The whole experience raised serious questions about the importance of leadership and authority in every walk of life – be it political, economic, sport, church or the arts.  All in leadership will have different gifts however, the one thing / quality required for authentic leadership is integrity of person – a desire and intention to be truthful and honest.  The reality is that such leadership is not at all as common as we would wish.

My friends, these thoughts ‘round authority and leadership are prompted by the natural link between the reading from Deuteronomy (1st reading) and the Gospel reading from Mark.  While one (Deuteronomy) speaks of the prophet as one chosen by God – to be an instrument / voice for the truth through his words.  The Gospel St.
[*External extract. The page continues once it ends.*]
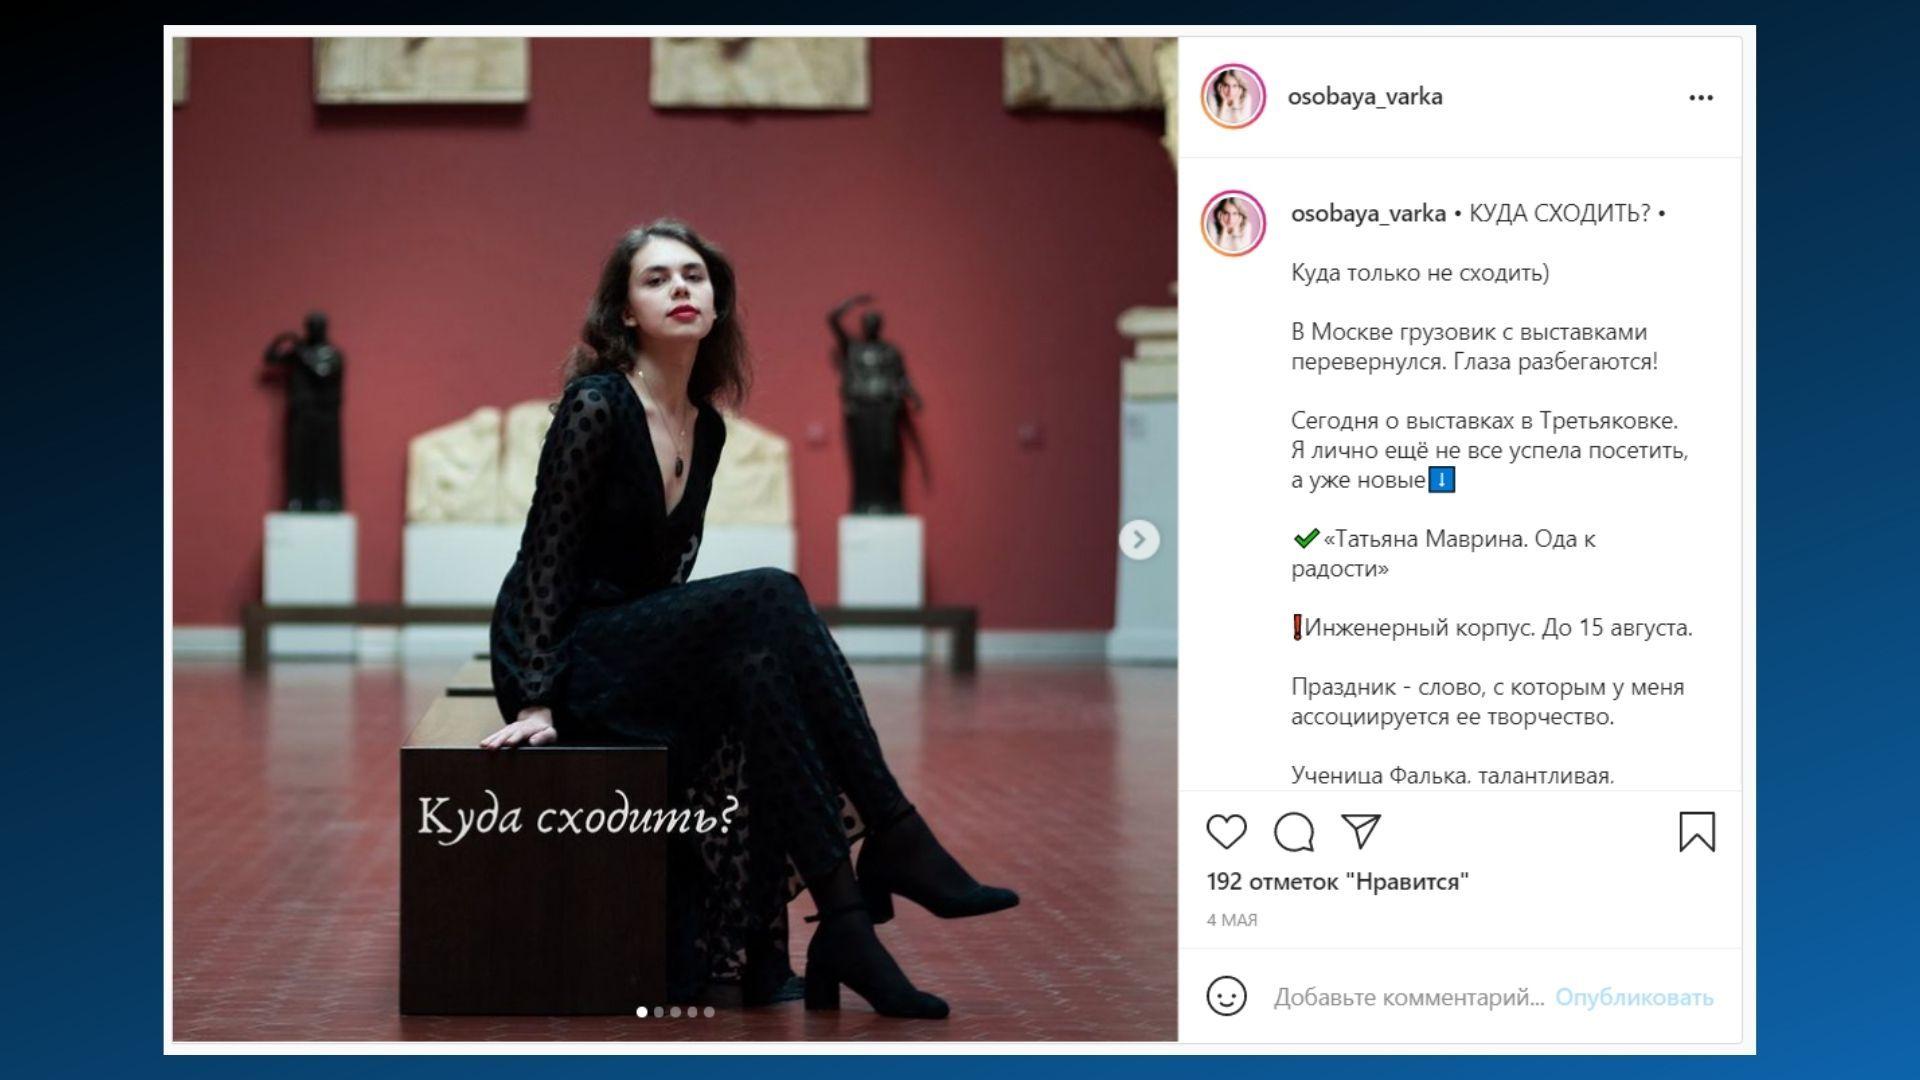 Гид по выставкам может стать регулярной рубрикой и показать экспертность автора (osobaya_varka)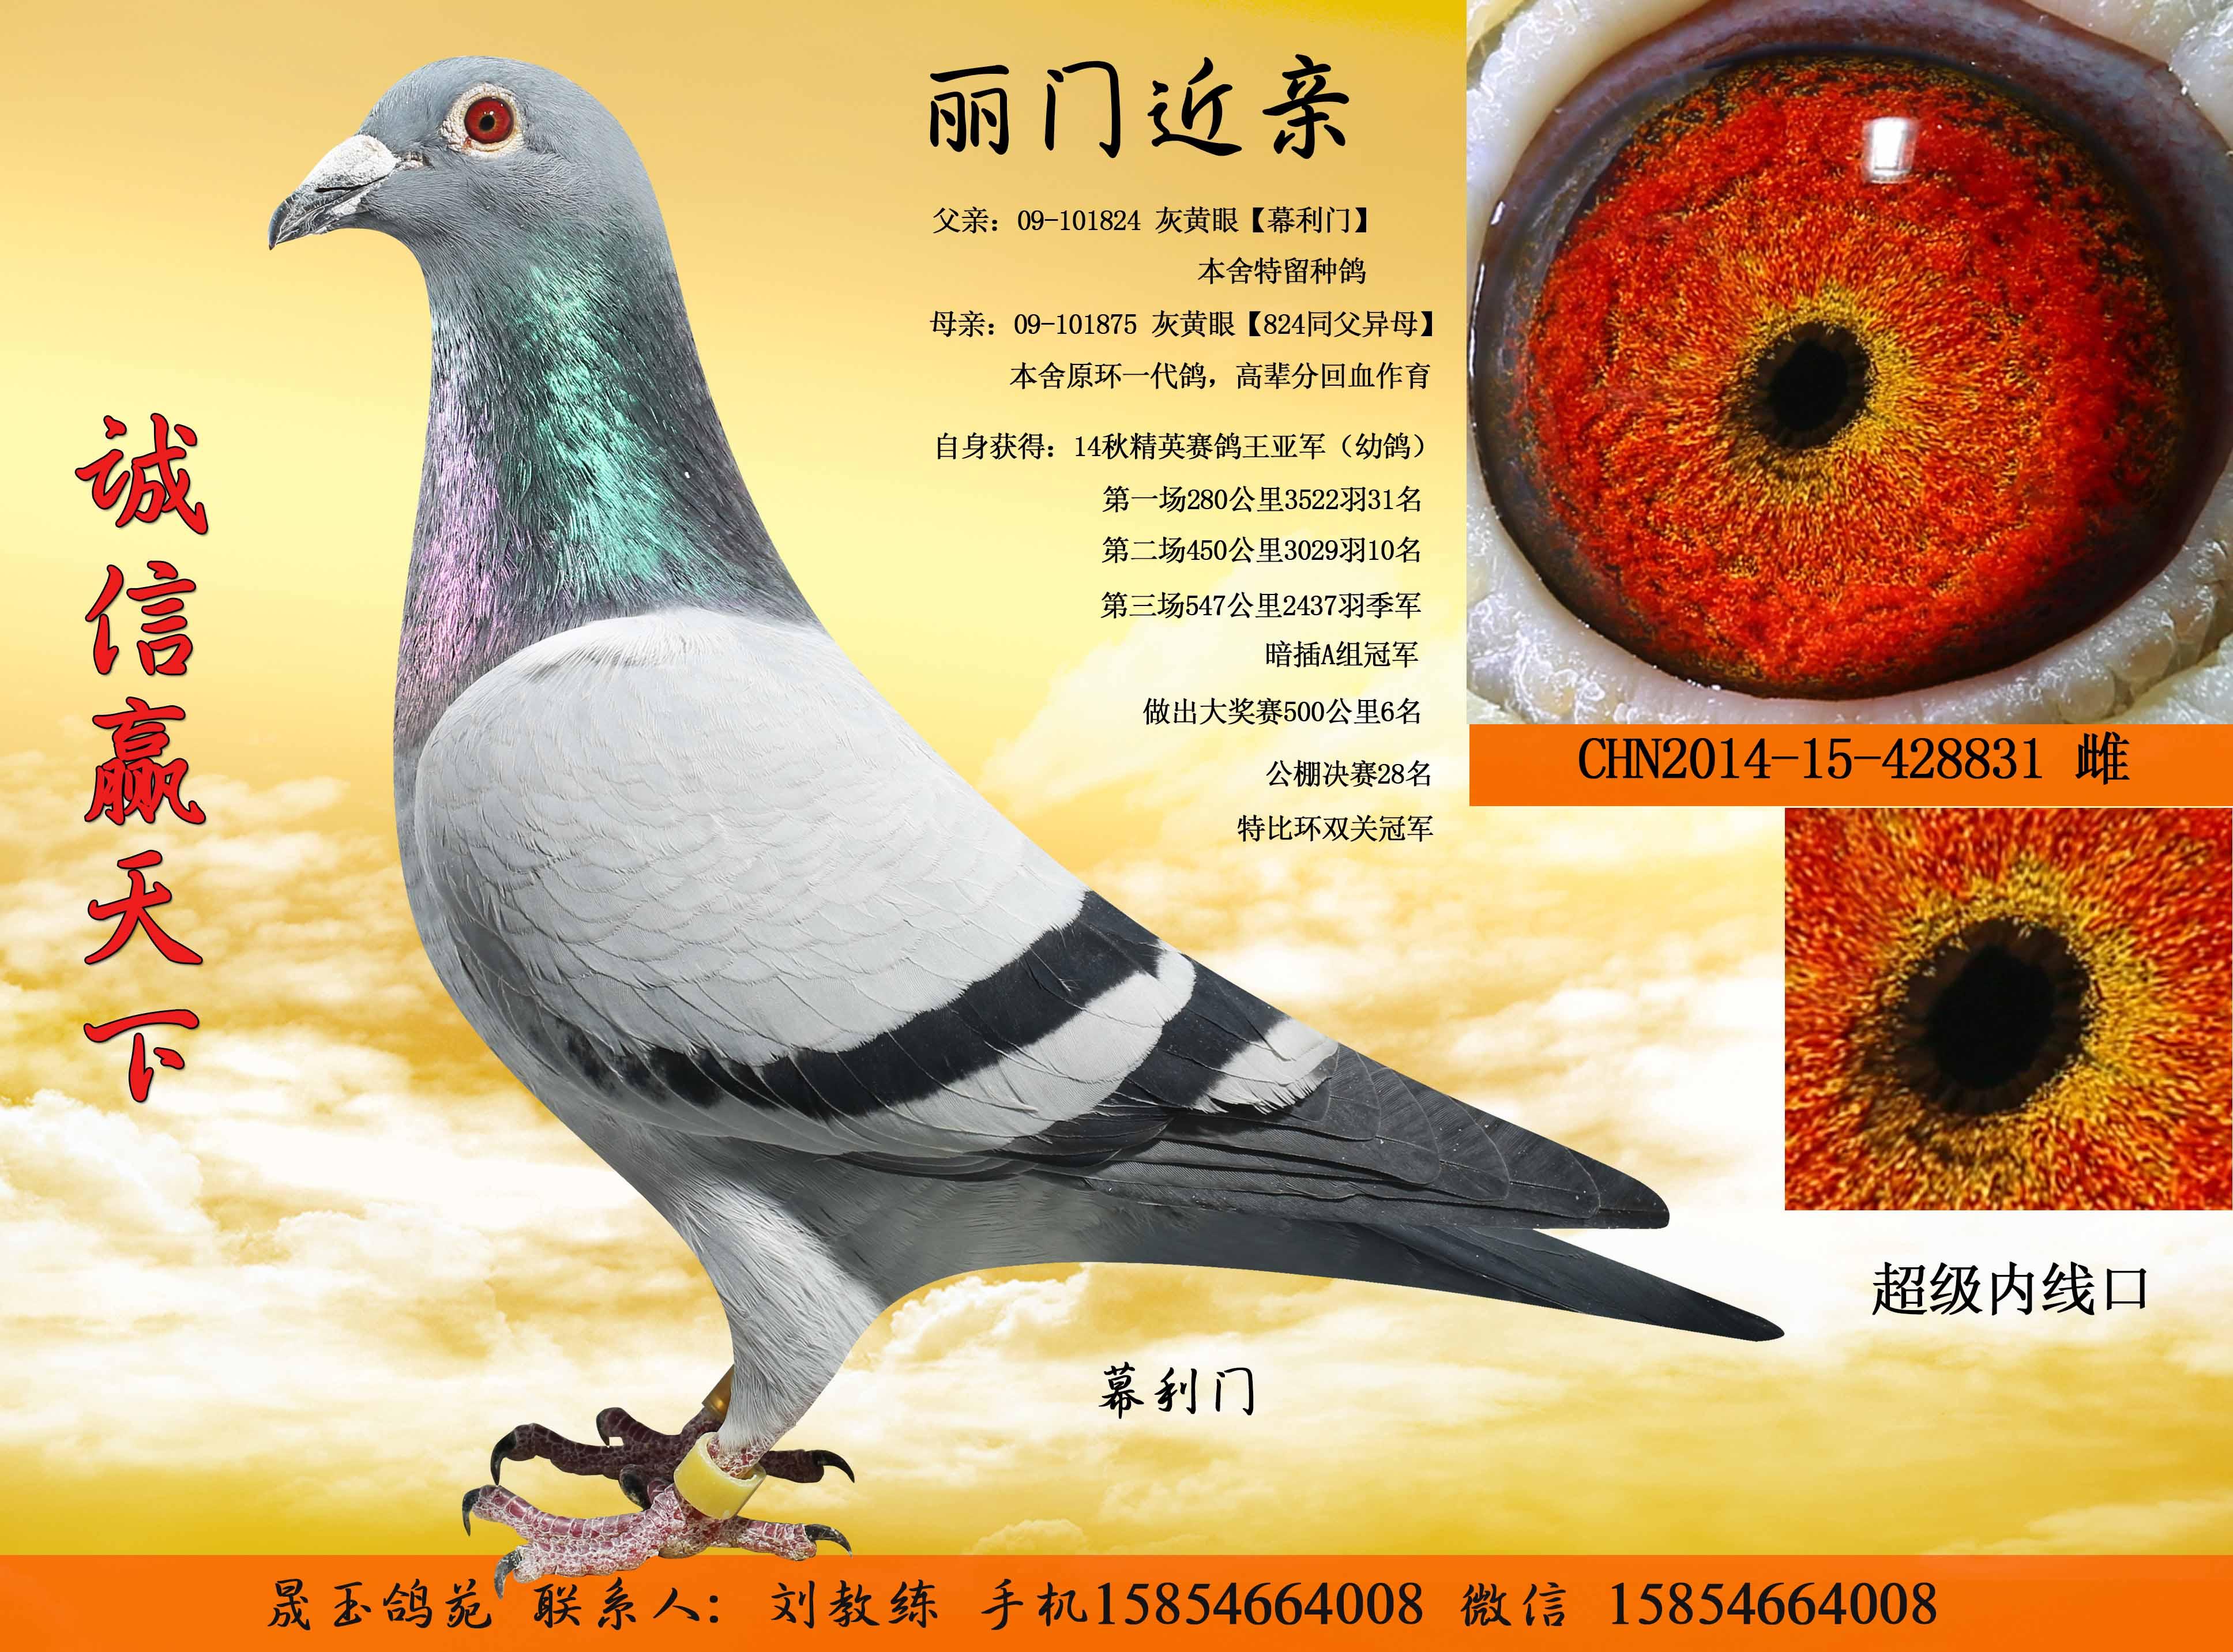 退役种鸽,特价出售

Mark speaks of Jesus and his teaching making a deep impression on them because …… he spoke to them with authority.

The problem for many to-day is that there are so many voices that are clamouring for our attention – it is difficult to know the real from the fake.  The development of communication systems is mind blowing – we only know about the developments that have been brought to the market for our use.  Gradually we are coming to know about the constant tracking of our use of technology which can be used both for good or ill.  So much of our interaction is now subject to manipulation that governments are now trying to rein in the tech giants.

Where does that leave you and me, the ordinary punter so to speak?  Where and how do our experience of Christian faith fit into and interact with this reality?

Behind all these developments are people with values and purpose and though they may be very rich and powerful they do not control all our reality; they do not control our hearts and minds.  These are our unique self of which we alone are the guardians.  It is for us to be alert and aware in our living.  In the specific area of technology, we naturally embrace the benefits but reject that which seeks to use and manipulate us.

That task of recognising the authentic and authoritative voices is not easy but they are there in politics, economics, in education, in the Church and elsewhere in society.  In the Church Pope Francis will soon complete the 8th Year of his Pontificate.  He has been a prophetic and an authoritative voice not just for Catholics but for people of all faiths.  Yet he has his critics – some are very severe in their criticism to the point of accusing him of heresy.  He seems to be able to accept it with equanimity.  For some Pope Emeritus Benedict XVI who by God’s blessing is still with us – is the real Pope.  To think so is unfair to both men.

I have a personal memory of all the Popes going back to Pius XII – all of them have been remarkable men who have exercised their authority and leadership in accordance with their personal gifts guided by the Holy Spirit.  All were and are different by way of background and experience which is naturally brought to bear on the focus and style of their leadership.  This has given the Church a variety and diversity that is natural and enriching.

The fruit of that leadership by a succession of Popes in modern times means the Papacy is universally accepted as a prophetic voice for the world – a voice that speaks with authority – like Jesus – whose special care was for the poor and meek of the earth.

Such a voice ought not be taken for granted. – to have one who is free of political and economic forces – to speak freely and truthfully on behalf of so many who have no voice – to have one whose special care is to preserve the unity and solidarity of the Church’s mission to humanity.  For such blessing we are thankful.